--- START ---

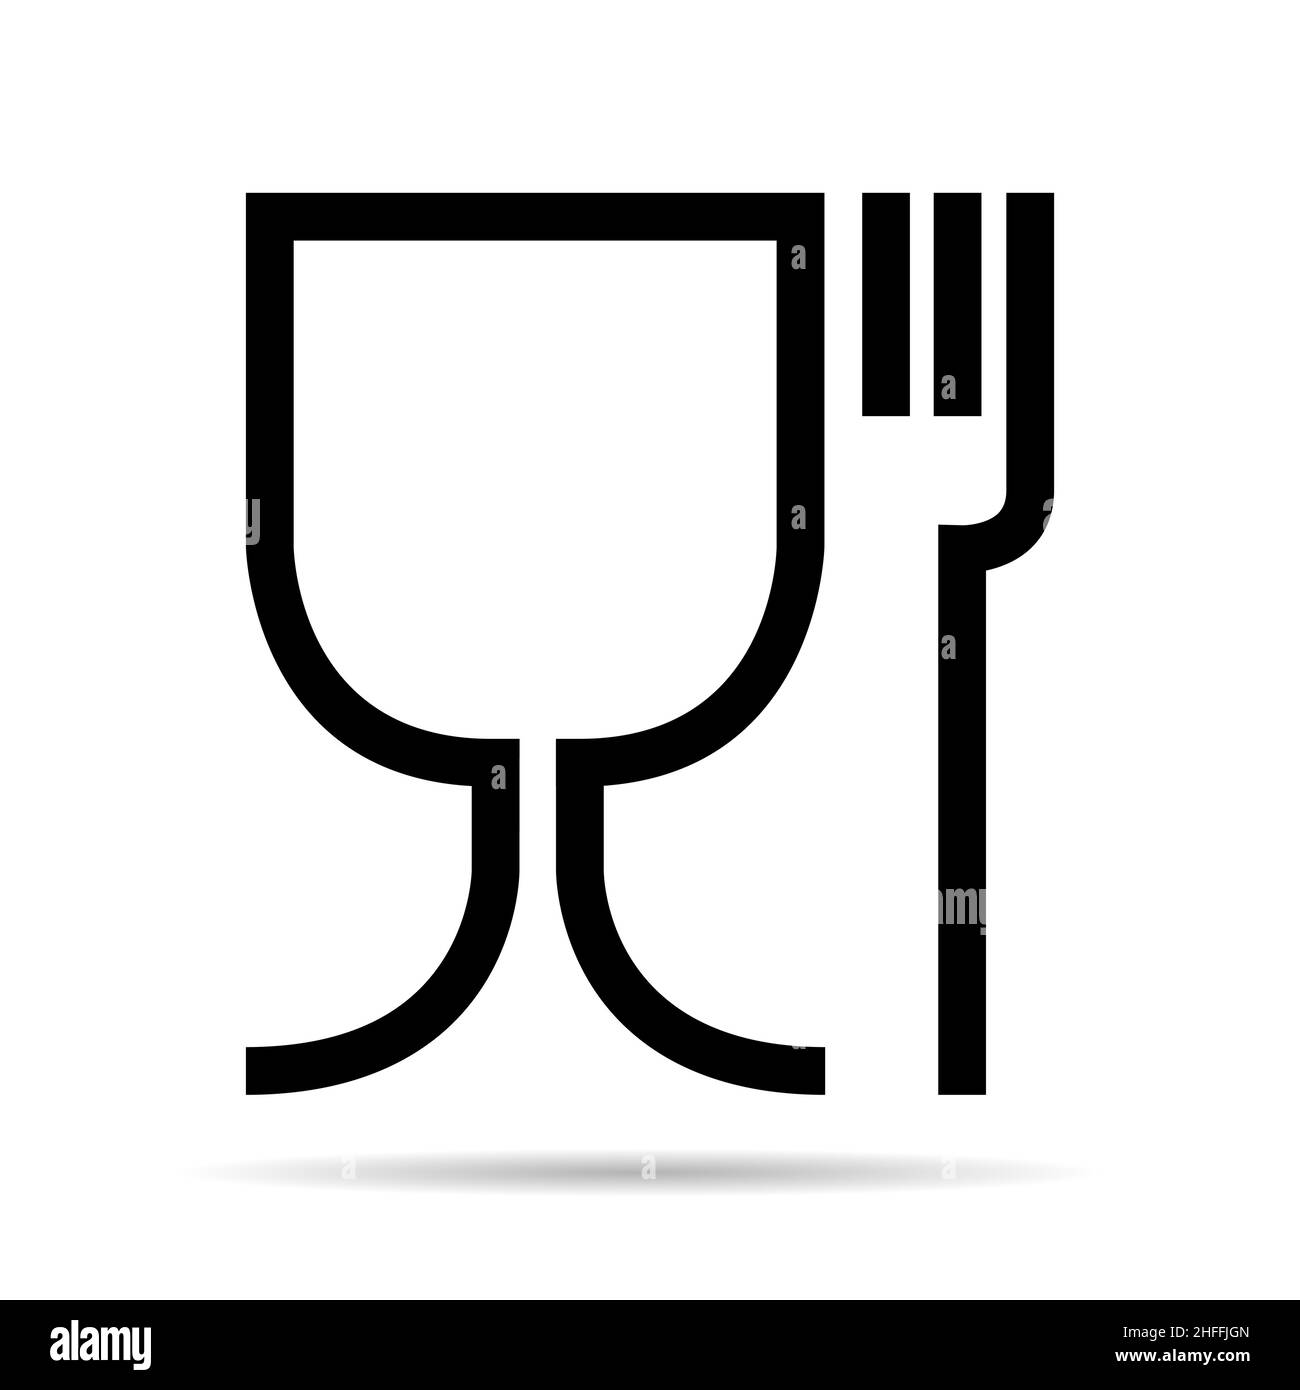 Food safe symbol. The international icon for food safe material, wine glass and a fork symbol . Stock Vector
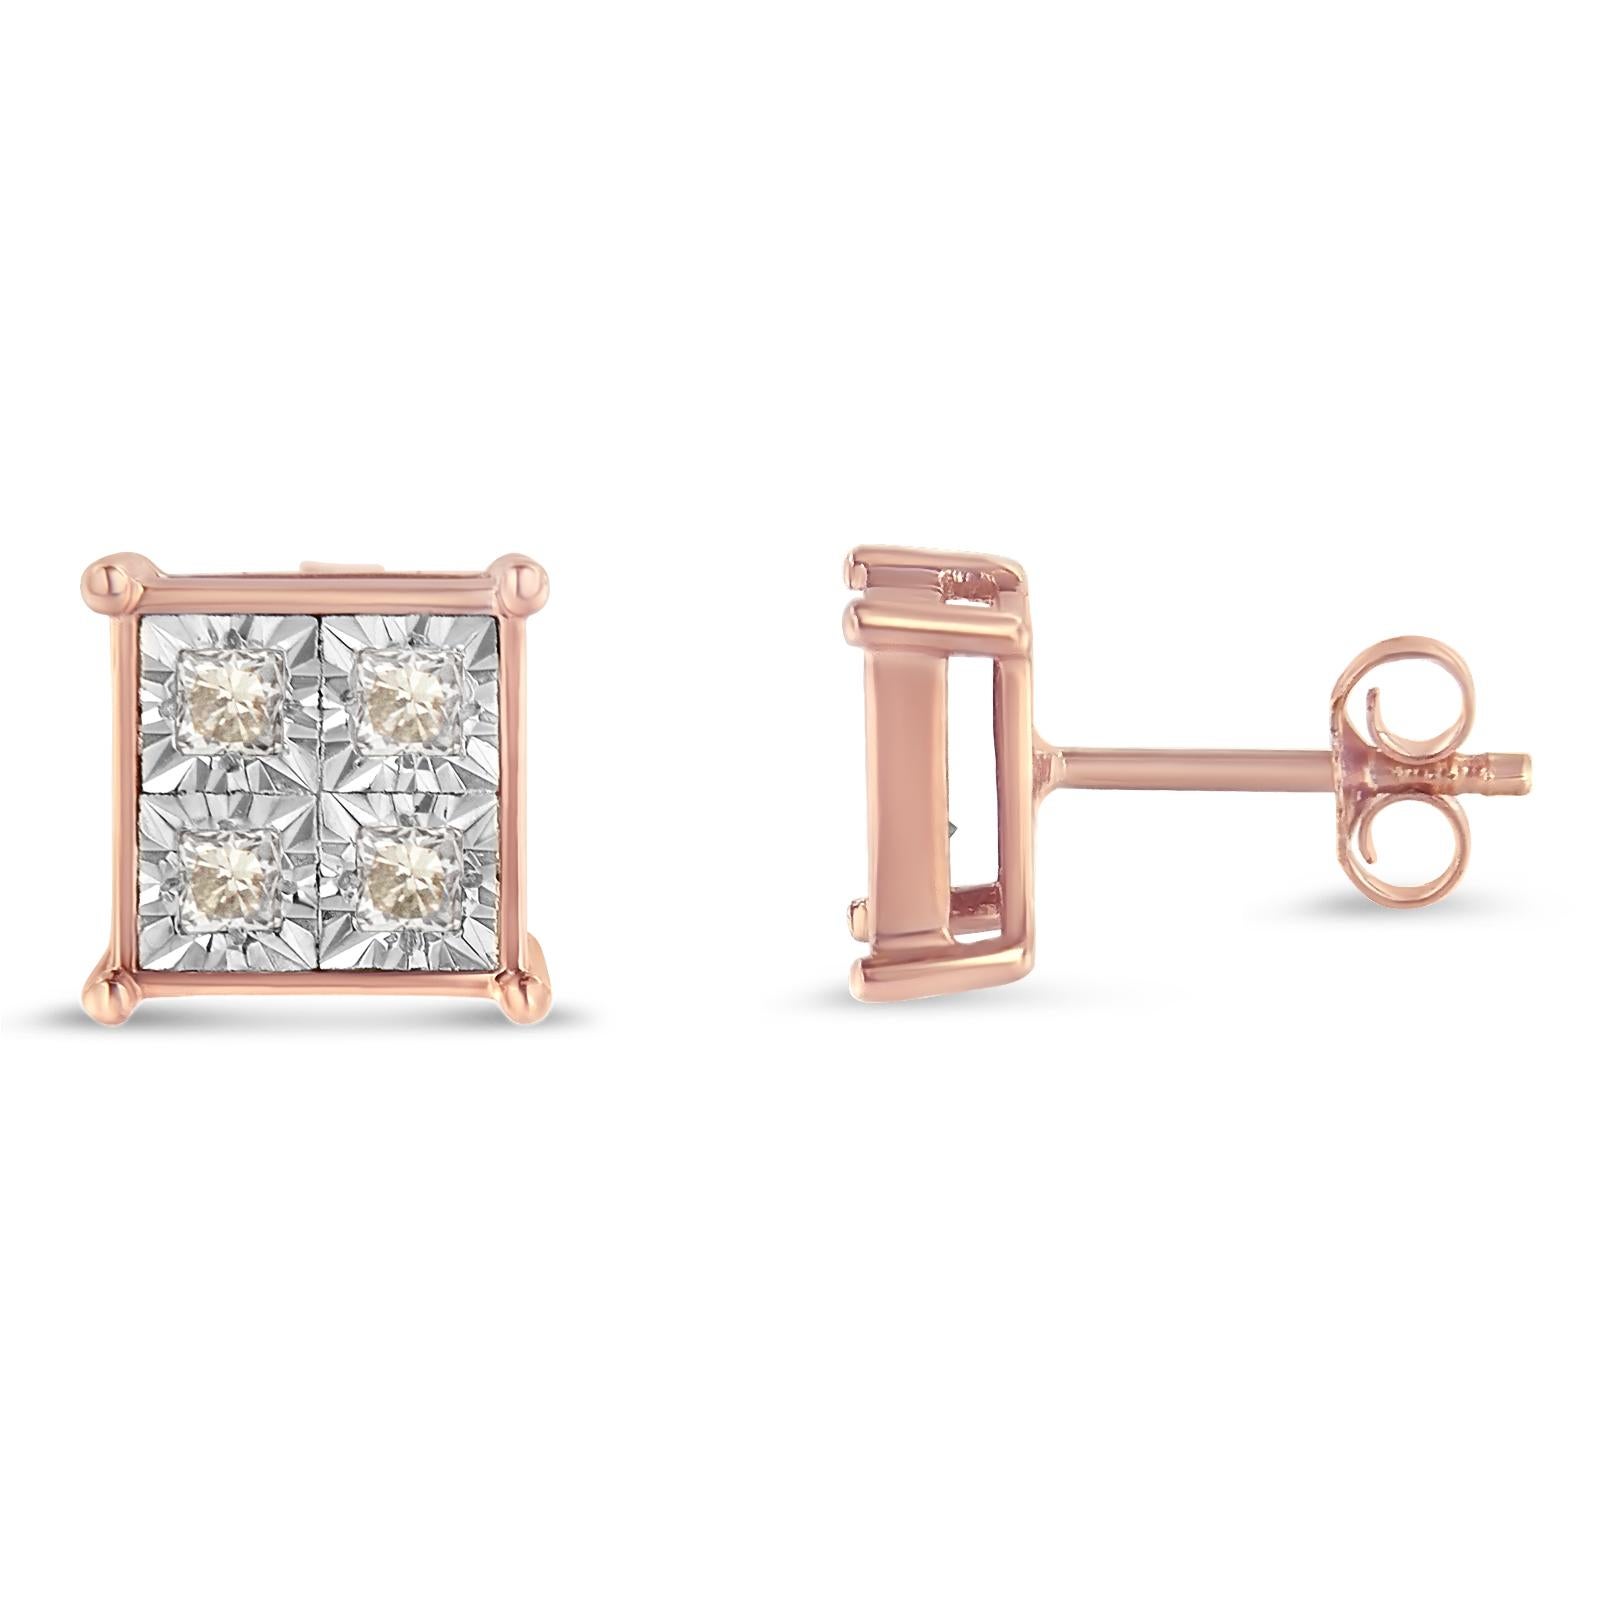 This pair of simple and elegant stud earrings will impress all who see it. It features rose plated sterling silver with eight fragments of princess-cut diamonds arranged in a miracle setting. 'Video Available Upon Request'

Product

--- END ---

Assignment: All of the data above should be quoted exactly, except for the pictures.

Result:
 Food safe symbol. The international icon for food safe material, wine glass and a fork symbol . Stock Vector
 This pair of simple and elegant stud earrings will impress all who see it. It features rose plated sterling silver with eight fragments of princess-cut diamonds arranged in a miracle setting. 'Video Available Upon Request'

Product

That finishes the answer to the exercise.